(Given data Opens)

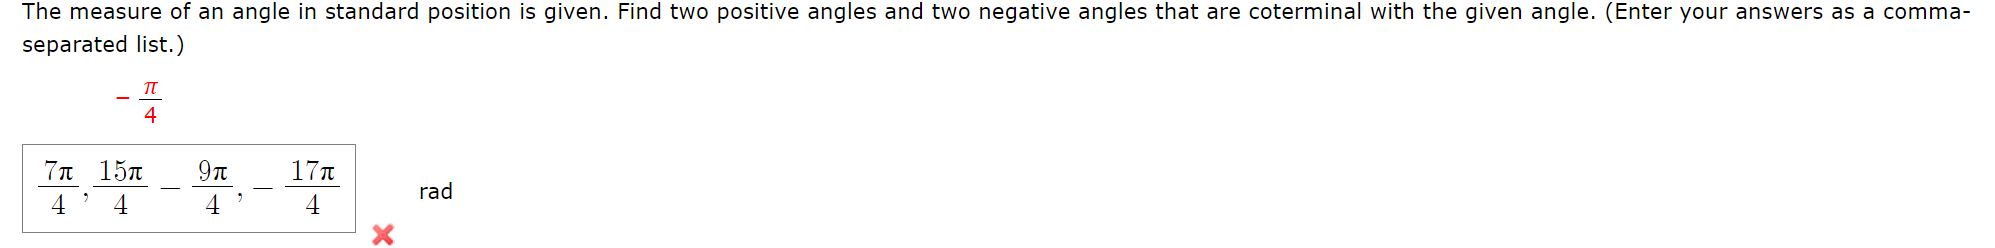 The measure of an angle in standard position is given. Find two positive angles and two negative angles that are coterminal with the given angle. (Enter your answers as a comma-
separated list.)
4
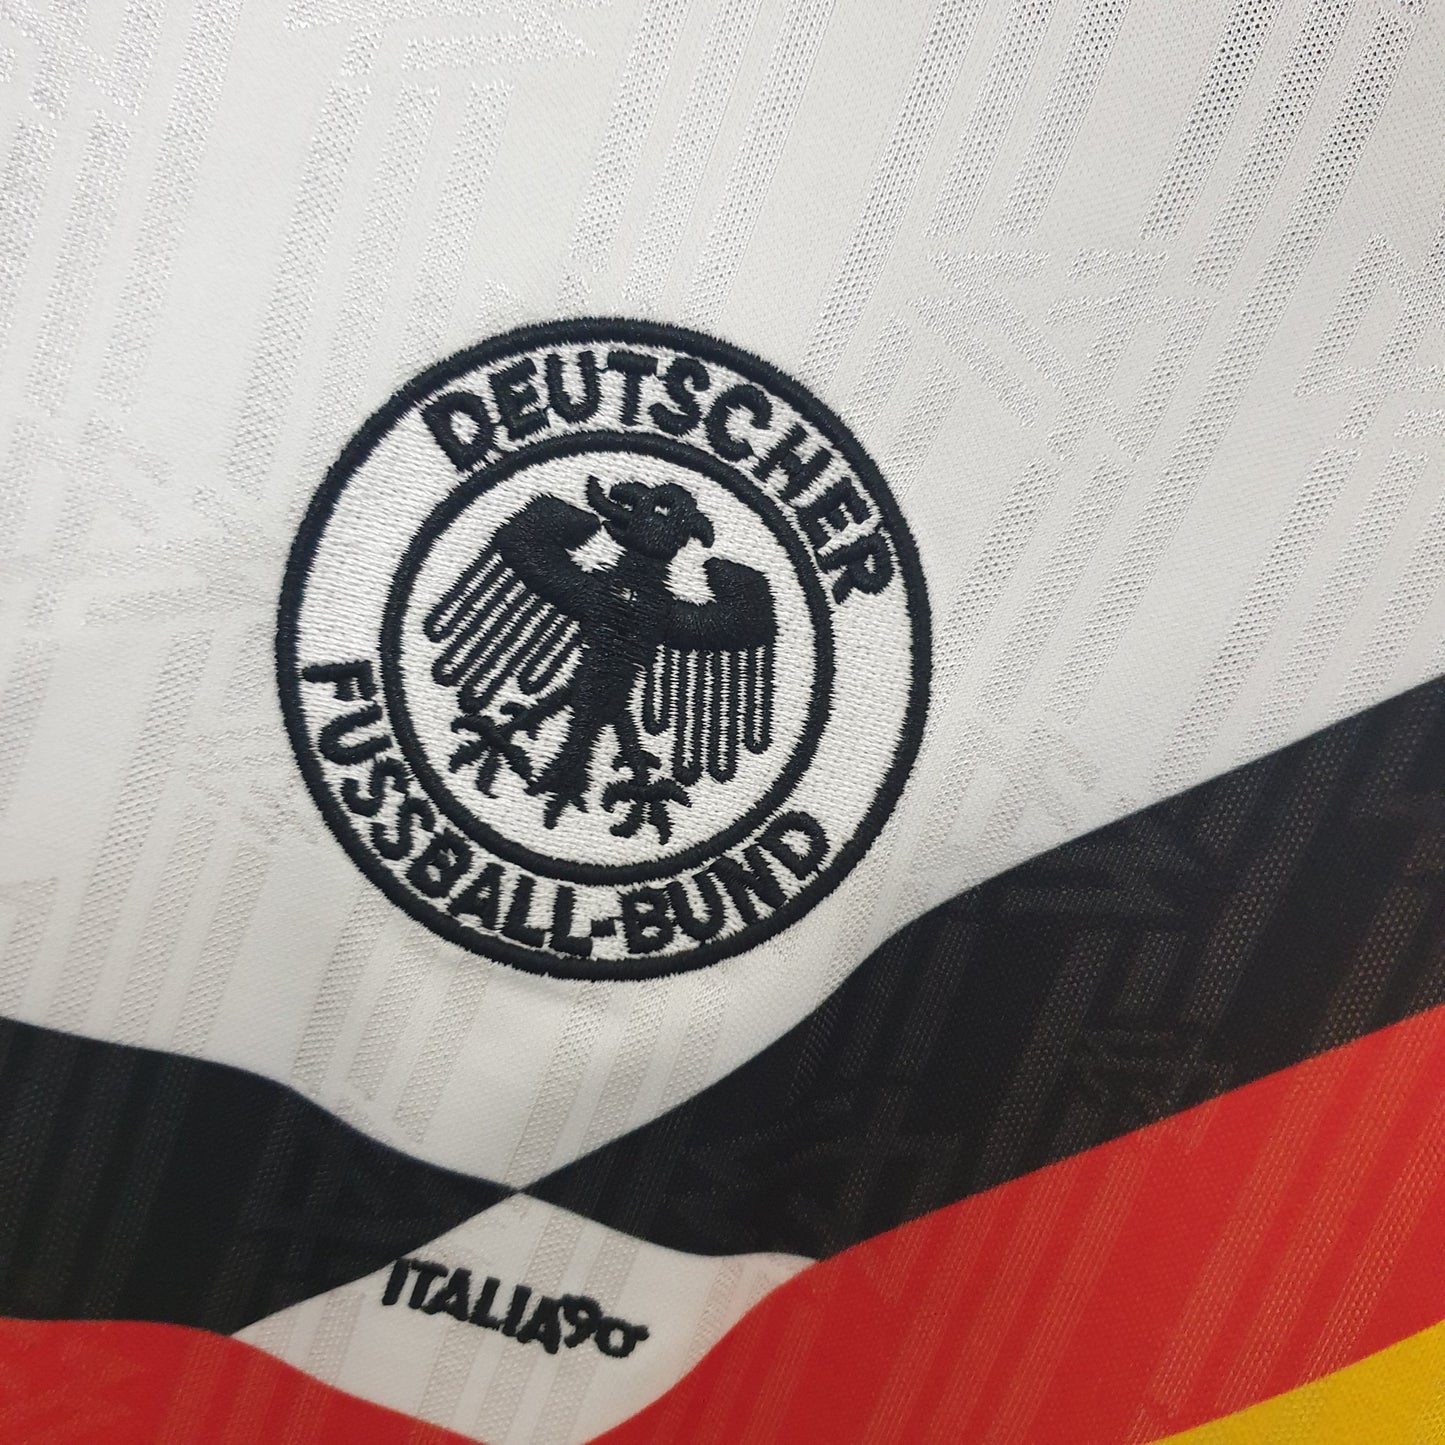 GERMANY 1990 HOME JERSEY
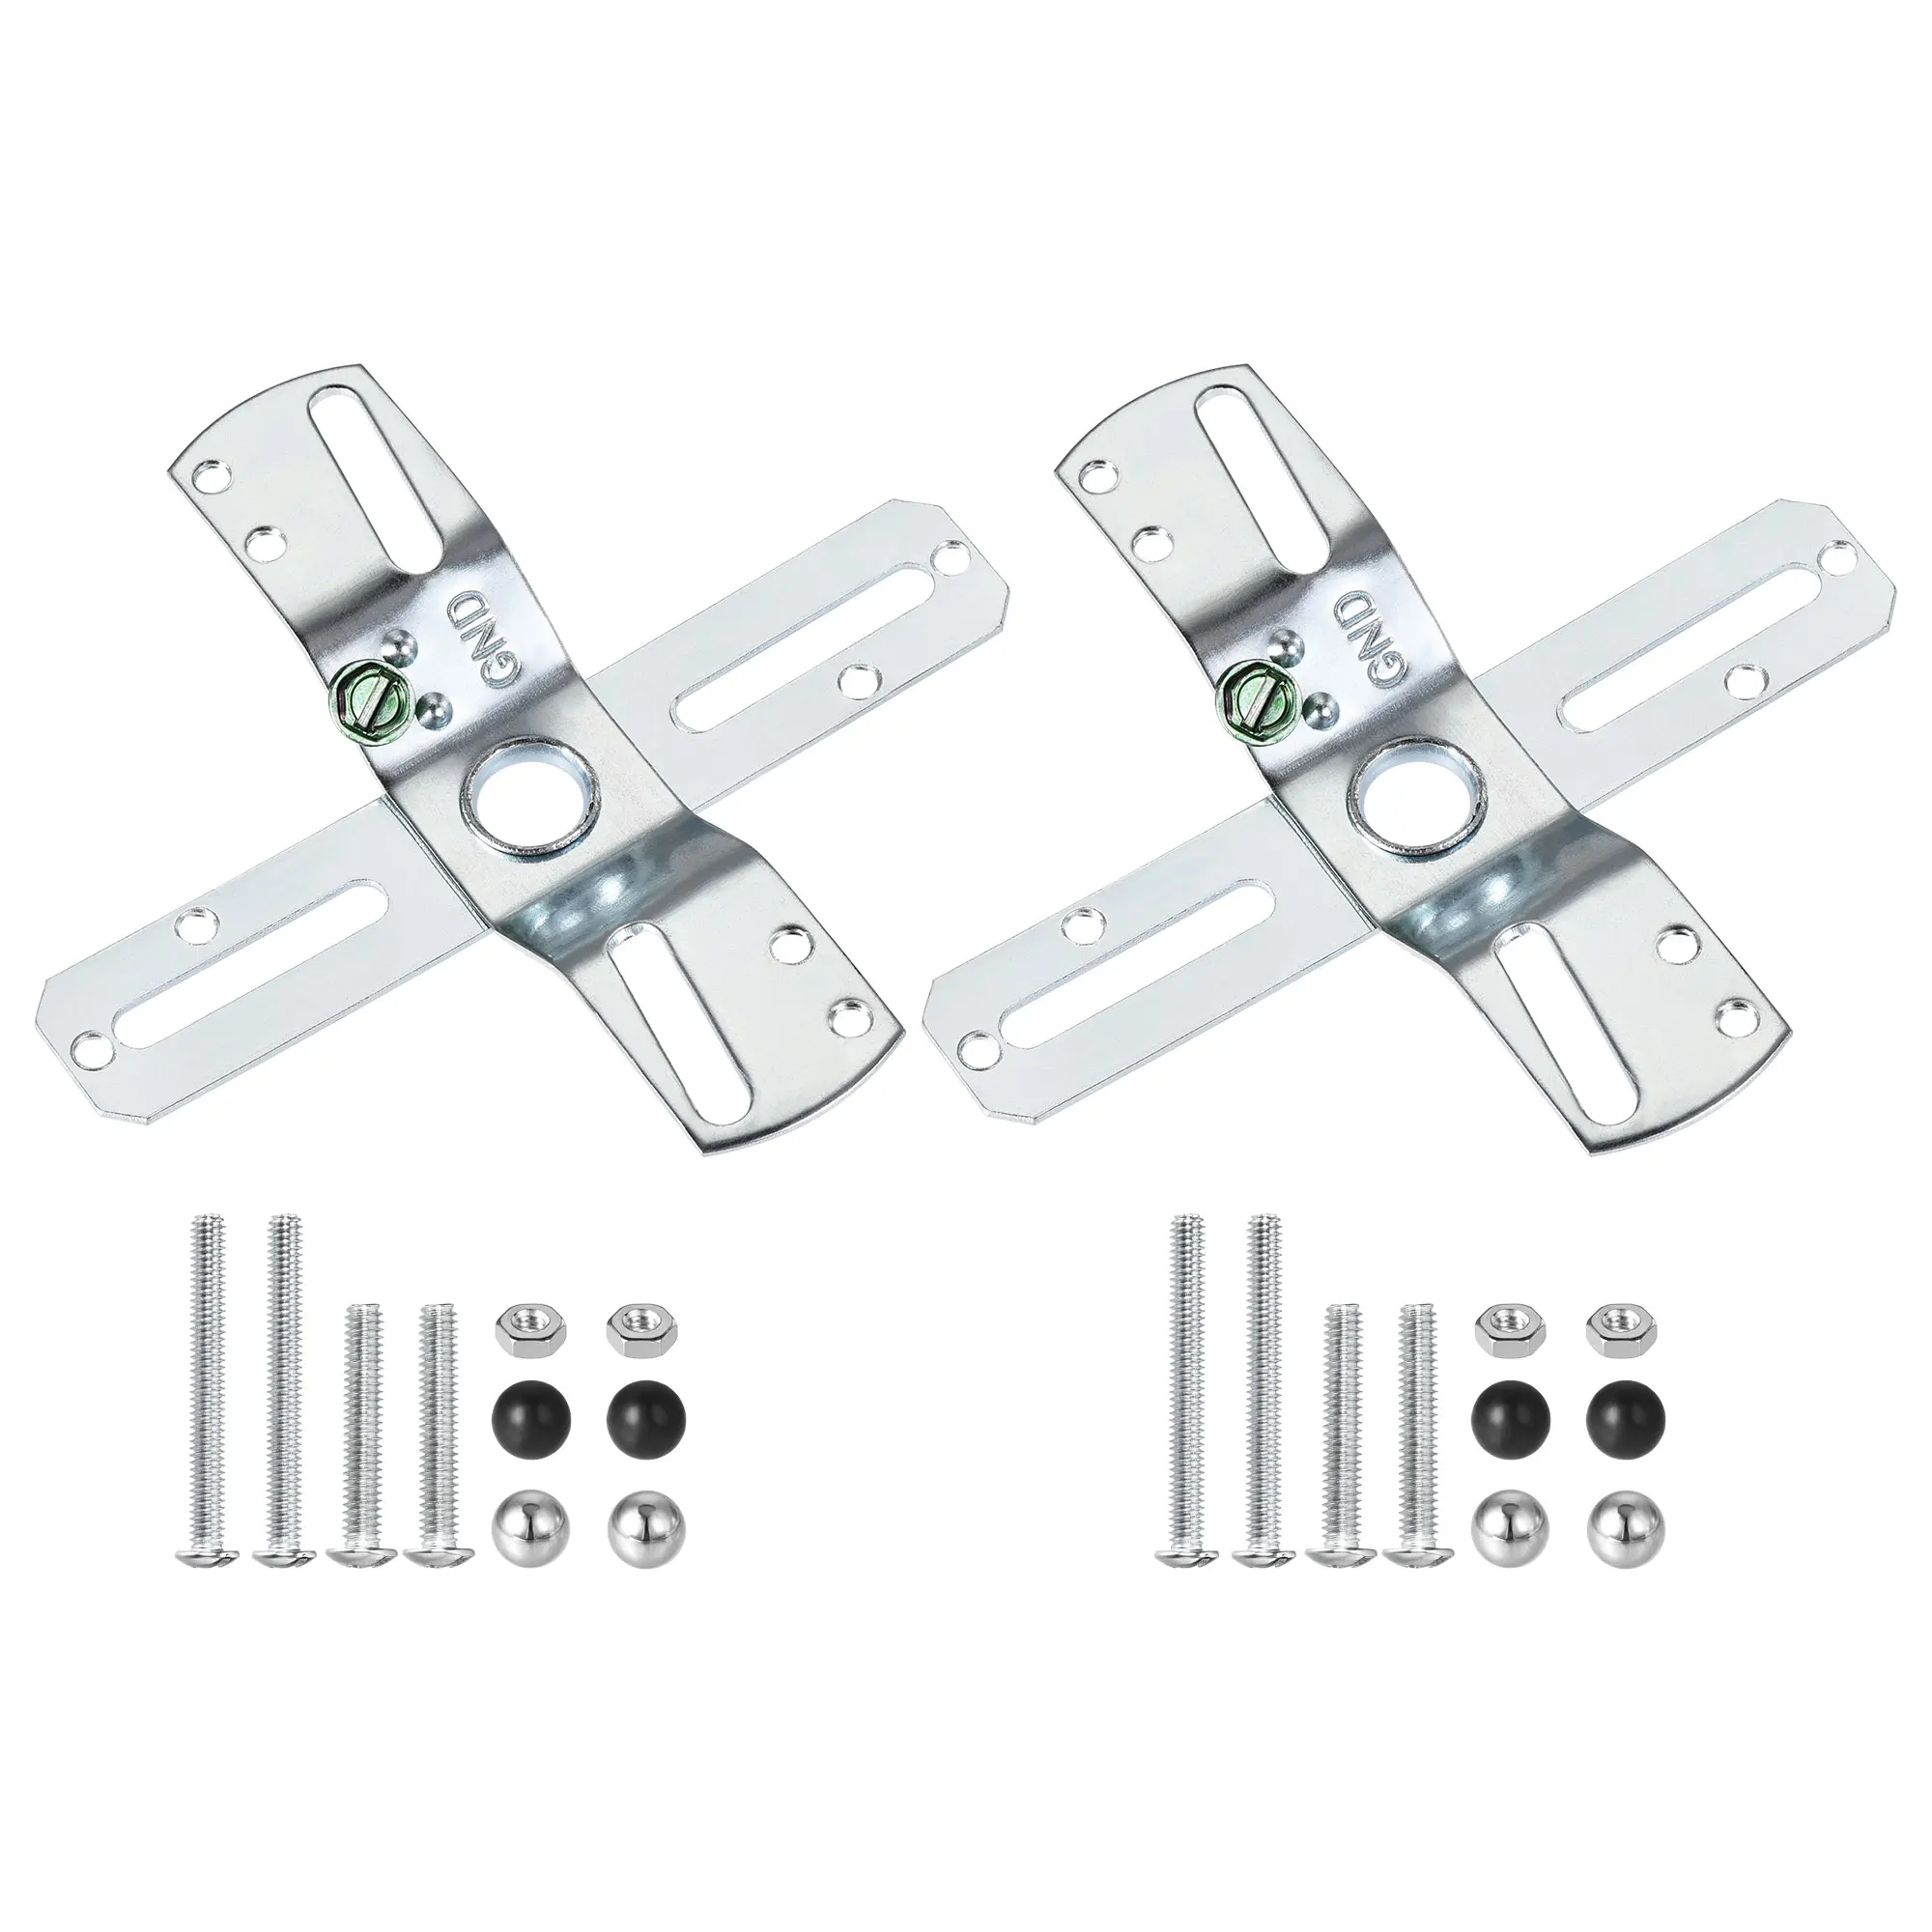 

2pcs Light Crossbar Kit 4Inch Cross-Shaped Mounting Bracket Universal Lighting Fixture with Screws and Nuts for Chandelier Light

(Given data Closes)

- **Prompt**
Leaving aside the images, write out every entry above exactly.

- **Written response**
 The measure of an angle in standard position is given. Find two positive angles and two negative angles that are coterminal with the given angle. (Enter your answers as a comma-
separated list.)
4
 GERMANY 1990 HOME JERSEY

2pcs Light Crossbar Kit 4Inch Cross-Shaped Mounting Bracket Universal Lighting Fixture with Screws and Nuts for Chandelier Light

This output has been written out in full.